To produce the contour plots and the variance plot (Figure 12, Figure 13 and Figure 14), we make use of the inversion of Kendall’s tau method developed in Joe (1990). This was done because likelihood-based methods cannot readily estimate 51-dimensional copulas.

Finally, to examine the performance of the considered copula models, we use the Akaike Information Criterion (AIC) introduced in Akaike (1974):

$$AIC=-2l(\alpha ;x_1,\dots ,x_T)+2q,$$

where $l(\alpha ;x_1,\dots ,x_T)$ denotes the maximized value of the log-likelihood and q the number of estimated parameters. Smaller values of AIC indicate a better fit.

We compute the AIC for groups of forward-ages, as summarized in the first column of

Table 4. Model comparison (Akaike Information Criterion).

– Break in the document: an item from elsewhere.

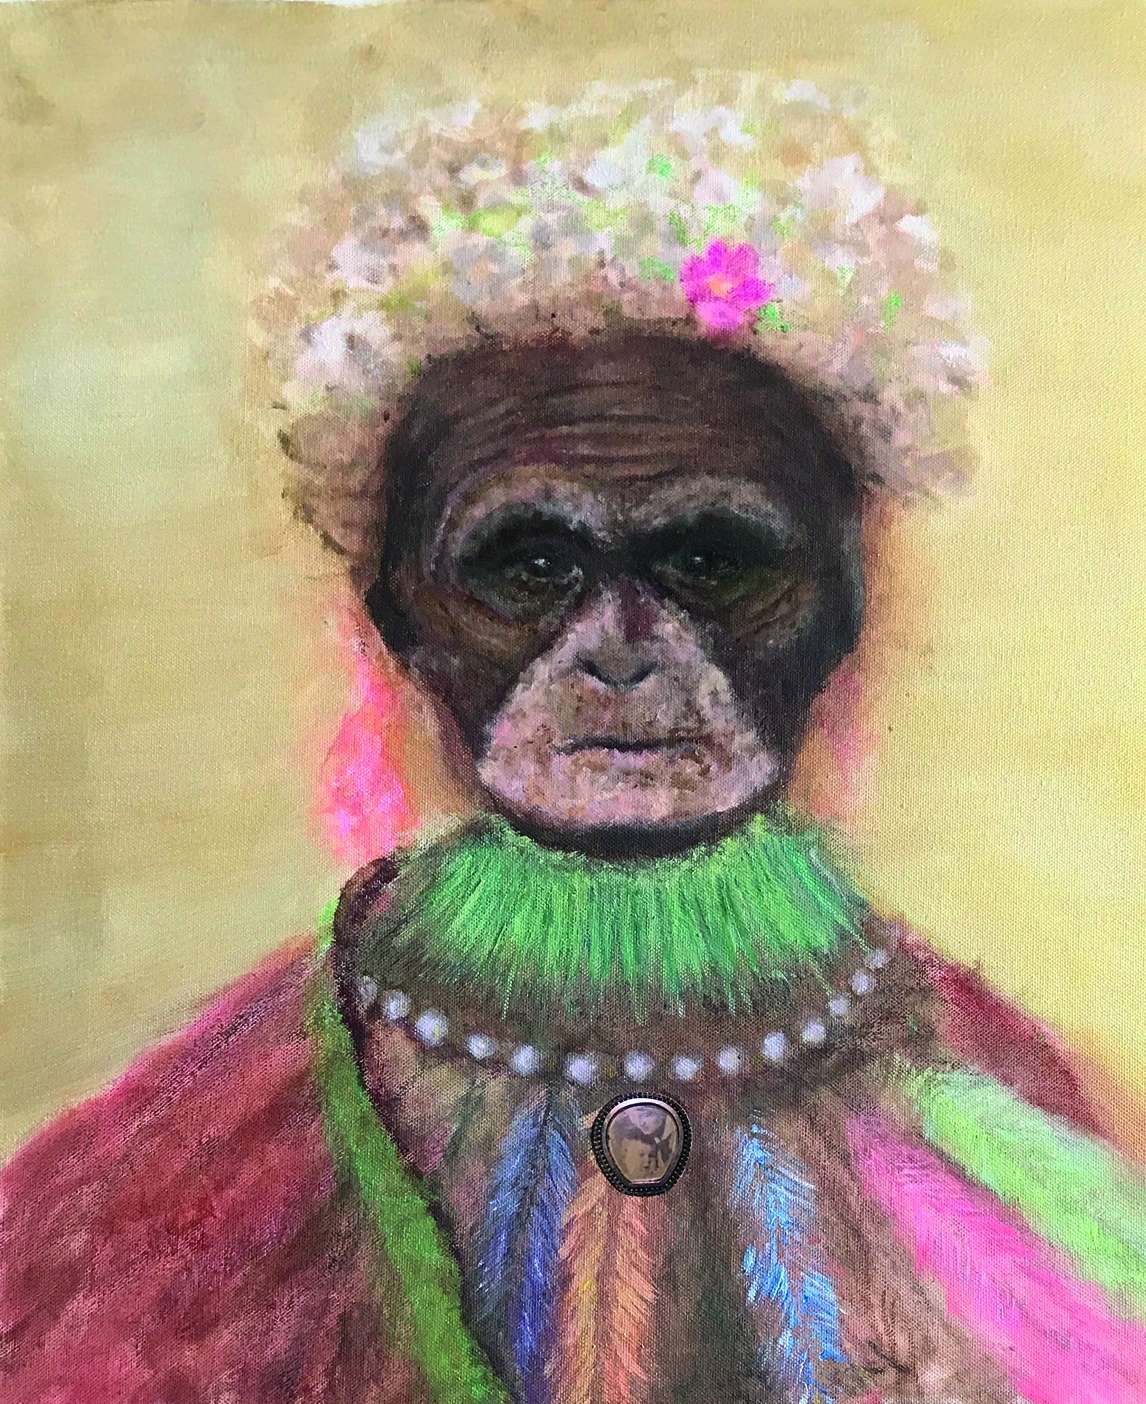 »MITOCHONDRISCHE EVA III«, Malerei, Konzeptkunst, Mixed Media auf Leinwand, 2019

Forward-Ages	Gaussian Copula		Student’s t Copula
	Gaussian	Gamma	Gaussian	Gamma
49–59	−5.95	−7.29	−3.93	−5.26
59–69	−23.45	−27.46	−21.44	−25.43
69–79	−145.26	−154.93	−143.23	−152.91
79–89	−223.68	−241.29	−246.88	−266.26
89–99	−403.88	−410.02	−405.27	−410.61

. We split the sample into five sub-samples of 11 forward-ages in order to overcome the dimensionality issue arising when fitting a 51-dimensional copula using the likelihood-based IFM method. The Gaussian copula outperforms the Student’s t copula for forward-ages up to 79, and under-performs for forward-ages above 79. This provides evidence of tail-dependence at the older forward-ages. With respect to the marginal distributions, the gamma consistently outperforms the Gaussian distribution. Since many models rely on Gaussian marginals, the result that the gamma outperforms the Gaussian distribution is rather significant. The fact that the gamma distribution outperforms the Gaussian distribution may lead some to thinking that the generalisation is overcomplicated rather than necessary, but, in fact, this conclusion rests on the existence of the generalisation in the first place, thereby confirming its value. The fact that the modelling framework advocated in this paper allows for this added flexibility in the choice of marginal distributions is shown to be a very desirable attribute.

5. Conclusions

We investigate the Olivier–Smith model and show that, using population mortality data for England and Wales, the model requires a more general framework, with additional emphasis on age dependence and marginal distributions that vary by forward-age. The gamma distribution provides a reasonable fit, but is a restrictive assumption. We improve the model by specifying a more general distribution, namely the Tweedie class of the exponential dispersion family. In addition to allowing the distribution to vary by forward-age, we also incorporate dependence between forward-ages using copulas. To accommodate the nature of the dependence, we specify a new covariance pattern related to the notion of minimum.